Contrairement aux prévisions de l’Office fédéral de la santé publique (OFSP), la révision proposée rendra encore plus difficile l’accès rapide aux soins pour les patientes et les patients car elle contourne les objectifs visés par les art. 71a à 71d de l’ordonnance sur l’assurance-maladie (OAMal), à savoir l’accès aux médicaments hors étiquette et leur remboursement. L’égalité d’accès aux soins médicaux nécessaires est pourtant un principe de l’assurance-maladie obligatoire. Selon une évaluation de l’OFSP publiée en décembre 2020, ce principe ne serait pas toujours garanti dans le cadre des art. 71a à 71d OAMal.

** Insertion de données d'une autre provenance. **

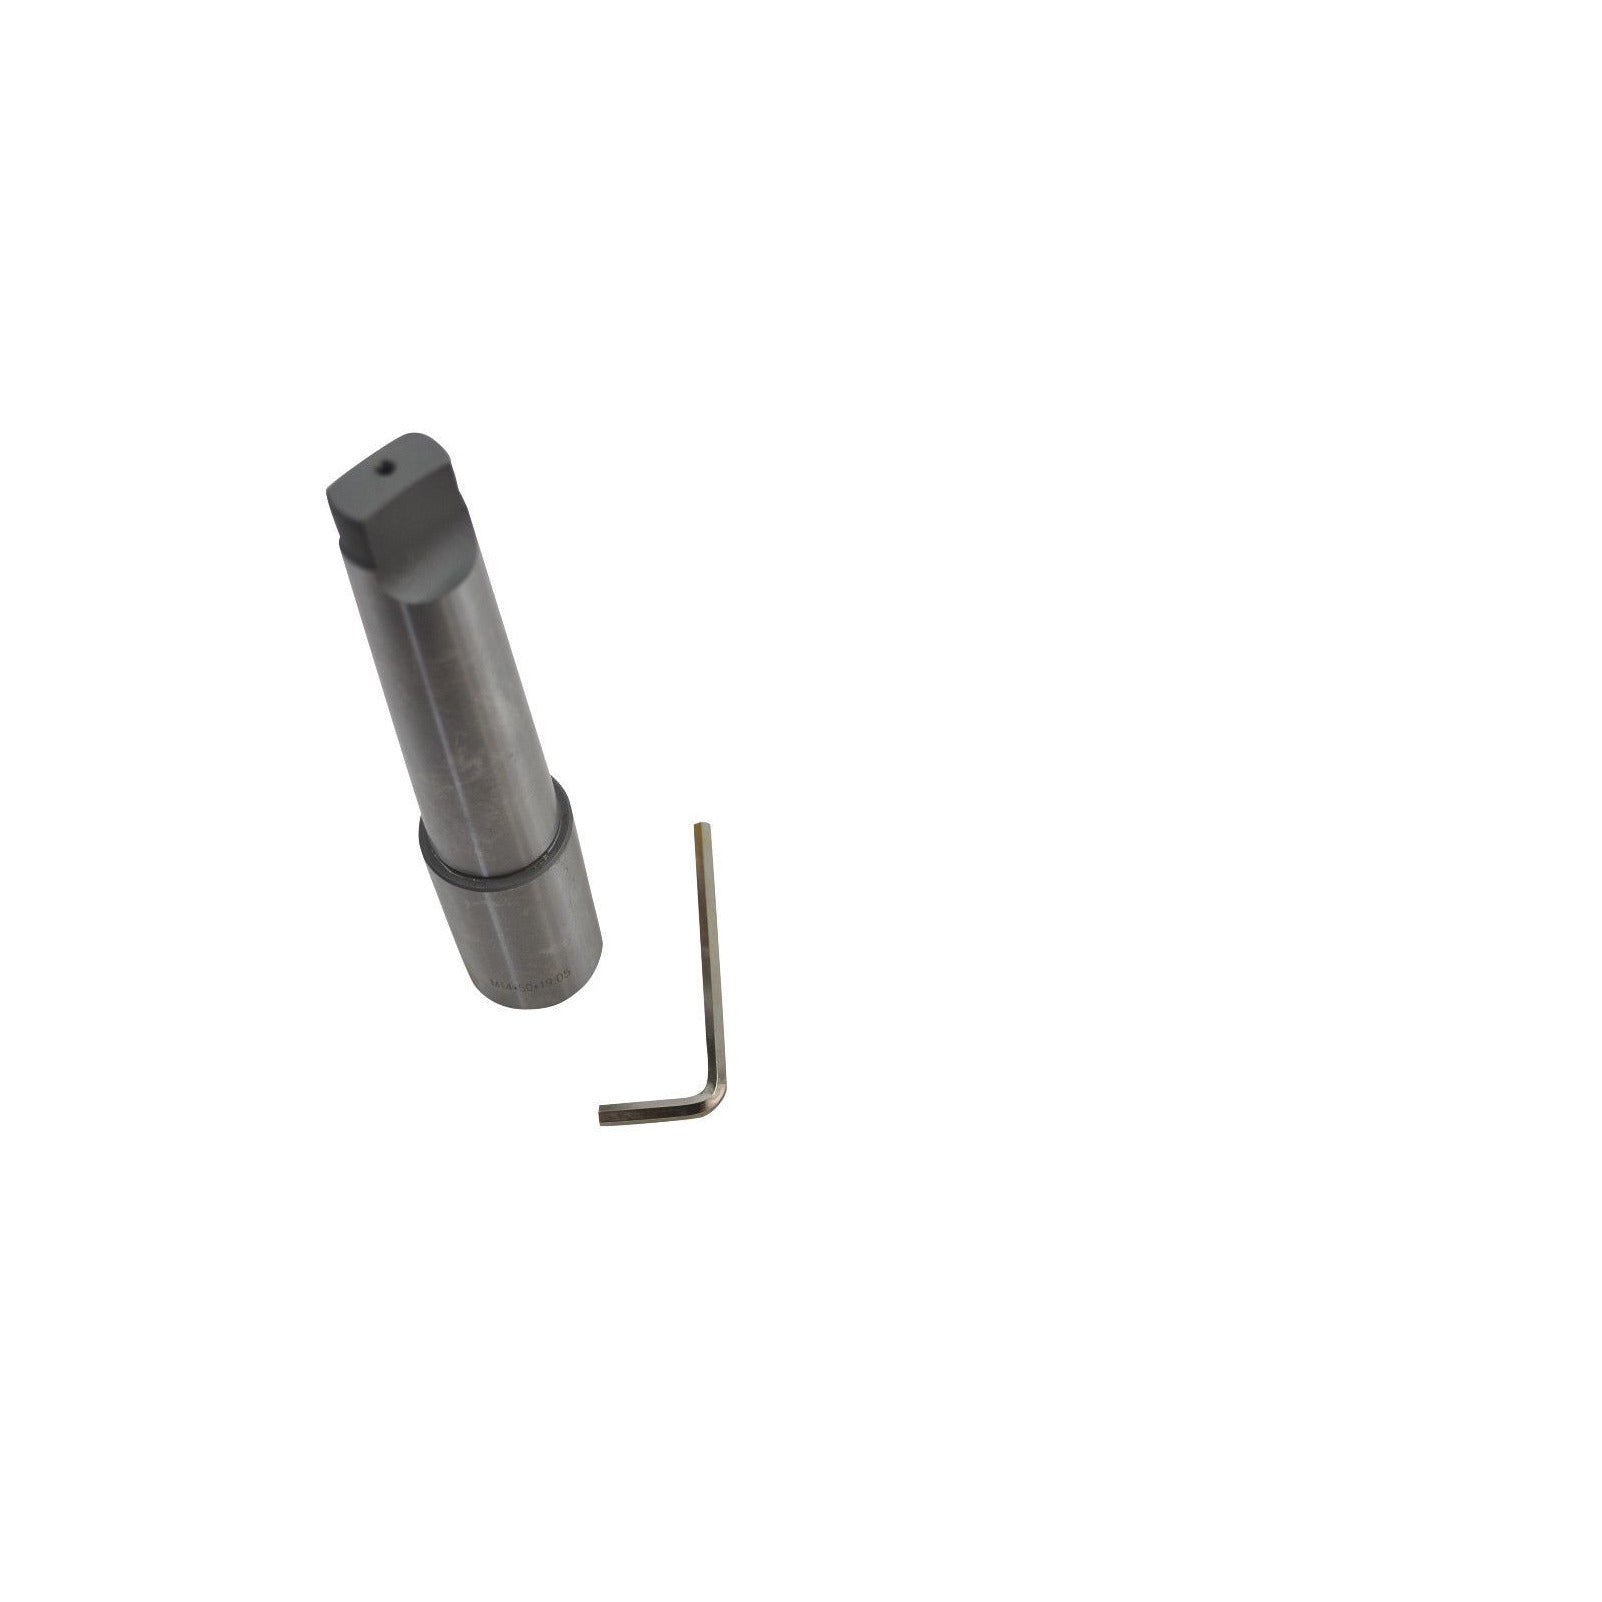 19mm 3/4" Weldon Holder Mt 4 Rota Broach Annular Cutter Adaptor Morse 4 taper

Quel est l’objectif du Conseil fédéral? Le site internet de l’OFSP apporte un élément de réponse: «Dans le domaine de la prise en charge des médicaments dans des cas particuliers, le Conseil fédéral veut améliorer l’égalité de traitement des patients par les assureurs-maladie, la fixation des prix ainsi que la transparence.» [1] Cependant, nous devons malheureusement constater que l’accent est mis presque exclusivement sur la réduction des coûts. Les facteurs tels que l’égalité d’accès, le bénéfice thérapeutique et la qualité ont été totalement perdus de vue dans le projet de révision.
Des instruments développés pour promouvoir un accès équitable tels que le Swiss Patient Access Pilot (SPAP) ont été mis en œuvre en 2019. L’objectif était de trouver une approche pragmatique pour améliorer l’égalité de traitement. Concrètement, le SPAP sert à démontrer la faisabilité d’intégrer un panel d’experts cliniques indépendants au processus de décision dans le cadre de cas particuliers «controversés» au sens des art. 71a à 71d OAMal («cas de rigueur»). Dans un dialogue impliquant tous les acteurs du système suisse de la santé, le SPAP tente de développer des solutions visant à améliorer la prise en charge des cas de rigueur et à promouvoir l’égalité d’accès aux thérapies contre le cancer indiquées médicalement. Malheureusement, ce mécanisme n’a pas été inclus dans la révision actuelle.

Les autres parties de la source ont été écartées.